Un petit bout d'histoire sur les carnavals et grands feux

La saison des carnavals et Grands feux…


Il s'agit là d'une de nos plus anciennes coutumes qui nous vient du fond des âges et que le temps n'a pas effacé puisqu'elle se perpétue encore aujourd'hui dans nos villages.

On sait que les peuples celto-germains du Nord pratiquaient la purification par le feu et qu'ils célébraient l'équinoxe de printemps (le 21 mars) en allumant de grands feux sur les endroits les plus élevés. 

Au Moyen-Âge, c'était durant la période du Carême (du latin quadragesima ,40) qui dure du mercredi des Cendres jusqu'au jour de Pâques que se déroulaient les fêtes masquées du carnaval et à cette occasion, chaque village allumait son "grand feu", le dimanche après le mardi-gras.

Suivant les communes, la coutume nous est restée avec de nombreuses variantes.

La fête commence par le ramassage du bois. 

Le comité des fêtes local, aidé par la Jeunesse, organise le ramassage du bois…..et de la "dîme", dans les rues du village avec chariots, fanfare et "bar mobile".  La récolte est conduite à l'endroit prévu pour l'allumage et mise en forme de bûcher.

En général, une perche est plantée au centre et un mannequin de paille, représentant le bonhomme hiver, y est fixé.  Le dimanche après le mardi-gras, un cortège de mascarades parcourt les rues du village et à la tombée de la nuit, vient se rassembler autour du bûcher. 

Les derniers mariés de l'année sont priés d'allumer le feu et quand celui-ci s'embrase, tout le monde danse autour au son des tambours et de la fanfare jusqu'à ce qu'il ne reste plus qu'un tas de cendres rougies. 

Nous avons décrit ici le schéma classique du Grand Feu, mais il existe de nombreuses variantes.  La date diffère souvent d'un village à l'autre ; il peut avoir lieu le dimanche gras, ou le dimanche de la Quinquagesime ou encore le deuxième dimanche de Carême ainsi qu'à la mi-carême, etc. 

De plus en plus, on voit le grand feu fusionner avec le carnaval et se confondre avec lui.  Il porte des noms différents suivant les lieux ; "feureux" à La Louvière et dans le Centre, "grand-mère" à Jodoigne, "bûle" en Gaume, "boûre" etc.  L'endroit où la cérémonie se déroule est aussi variable. 

Des impératifs de sécurité contre les incendies ne permettent pas souvent de placer le grand feu à l'endroit le plus élevé de la commune comme la tradition l'exige.

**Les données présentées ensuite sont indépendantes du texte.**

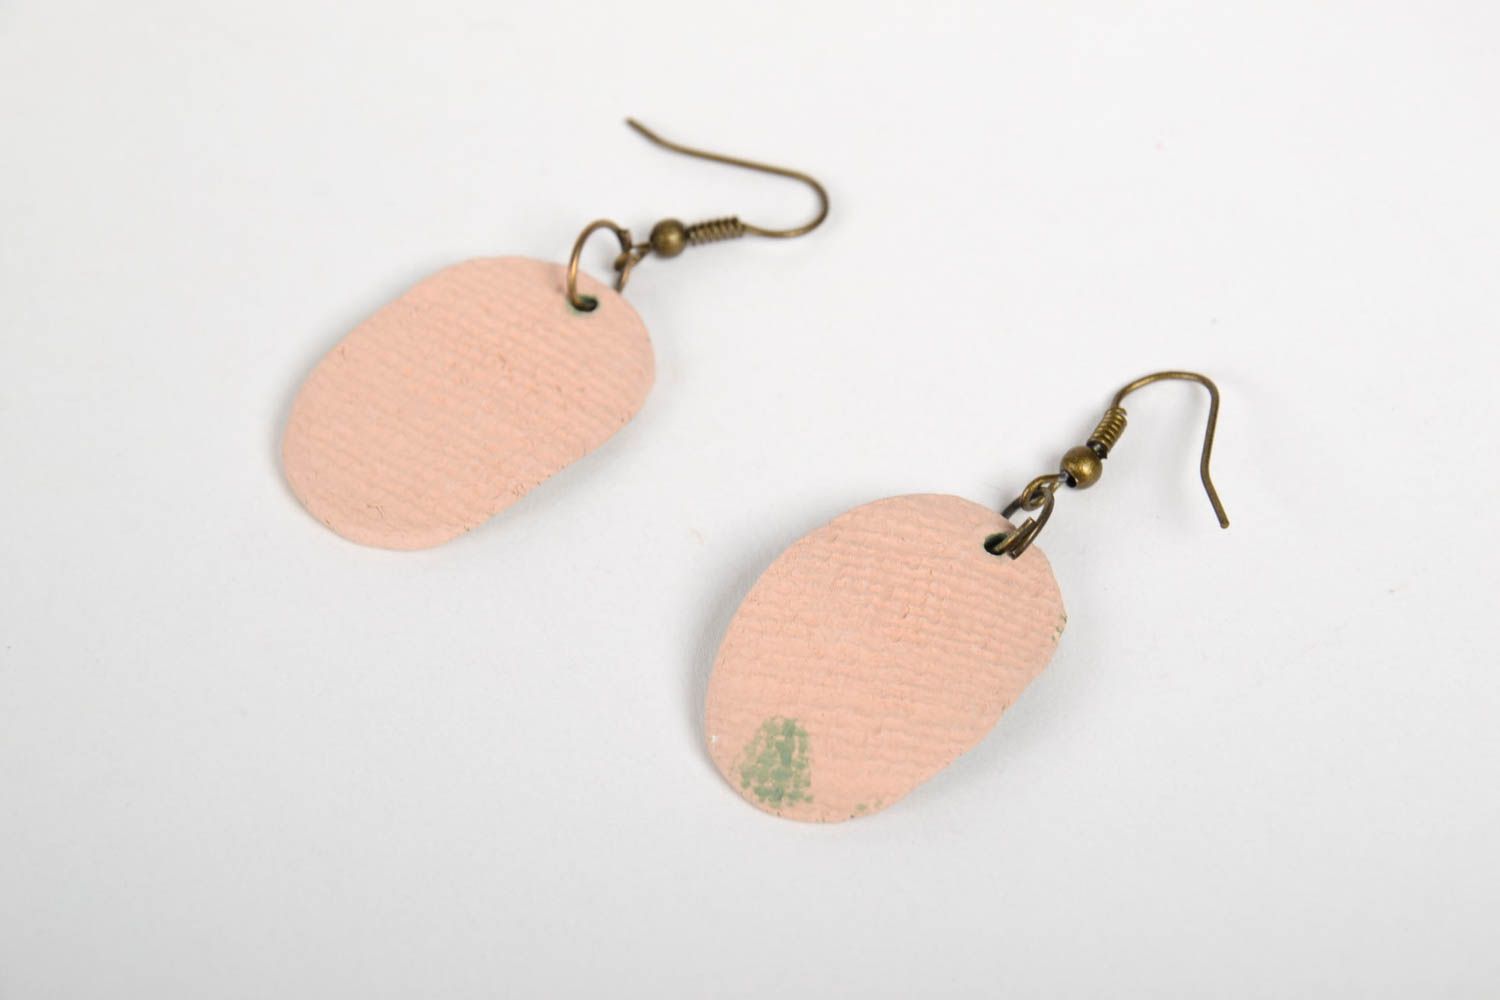 Unusual handmade accessories ceramic leaves earrings design jewelry gift for gir photo 3

Dans la vallée de la Meuse, il était impératif de voir au moins 7 grands feux  au cours de la nuit afin d'être heureux toute l'année.

Le cortège qui mène les participants au grand feu est aussi, suivant les communes, l'occasion de manifestations folkloriques comme à Jamioulx où se déroulent au cours de celui-ci les fameuses "pasquées" qui consistent à lire au public des textes satiriques qui mettent en vedette des personnes bien connues du village.  A Nismes, les habitants de deux quartiers différents se battaient à coups de cailloux.  Ailleurs, on a observé que des farceurs d'un village voisin venaient mettre le feu au bûcher de l'autre village un jour ou deux avant la date officielle provoquant ainsi colère et représailles en retour.

 

L'allumage du feu est un honneur.  Ce rôle varie aussi d'une commune à l'autre.  Parfois c'est le chef de la Jeunesse.  A Bouge, c'est au "Grand Allumeur" que revient cet honneur et dans la plupart des cas, comme nous l'avons vu plus haut, c'est le dernier couple de mariés qui procède à l'opération.

Lorsque le brasier a fini de se consumer, un autre rituel commence : à Gerpinnes, les danseurs se mettaient à genoux et faisaient des grâces, puis subitement c'était une explosion de joie.  A Gourdinne et à Mettet, on s'agenouillait tout simplement et en d'autres lieux (Barbançon, Couvin, Fraire) on pratiquait la danse des sept sauts.  Ailleurs encore, on saute par-dessus les braises, parfois en s'aidant d'une perche.  Il paraît que c'était une excellente protection contre les coliques et autres maux de ventre.

Il nous reste à signaler que les cendres du bûcher sont généralement mises en vente aux enchères.  Elles serviront d'engrais pour les terres d'un fermier et le produit de la vente restera la propriété des organisateurs pour couvrir les frais de la fête.

Cette manifestation millénaire se termine généralement par un bal, costumé ou pas et quelquefois par une remise de prix aux masques les plus "beaux" ou les plus originaux.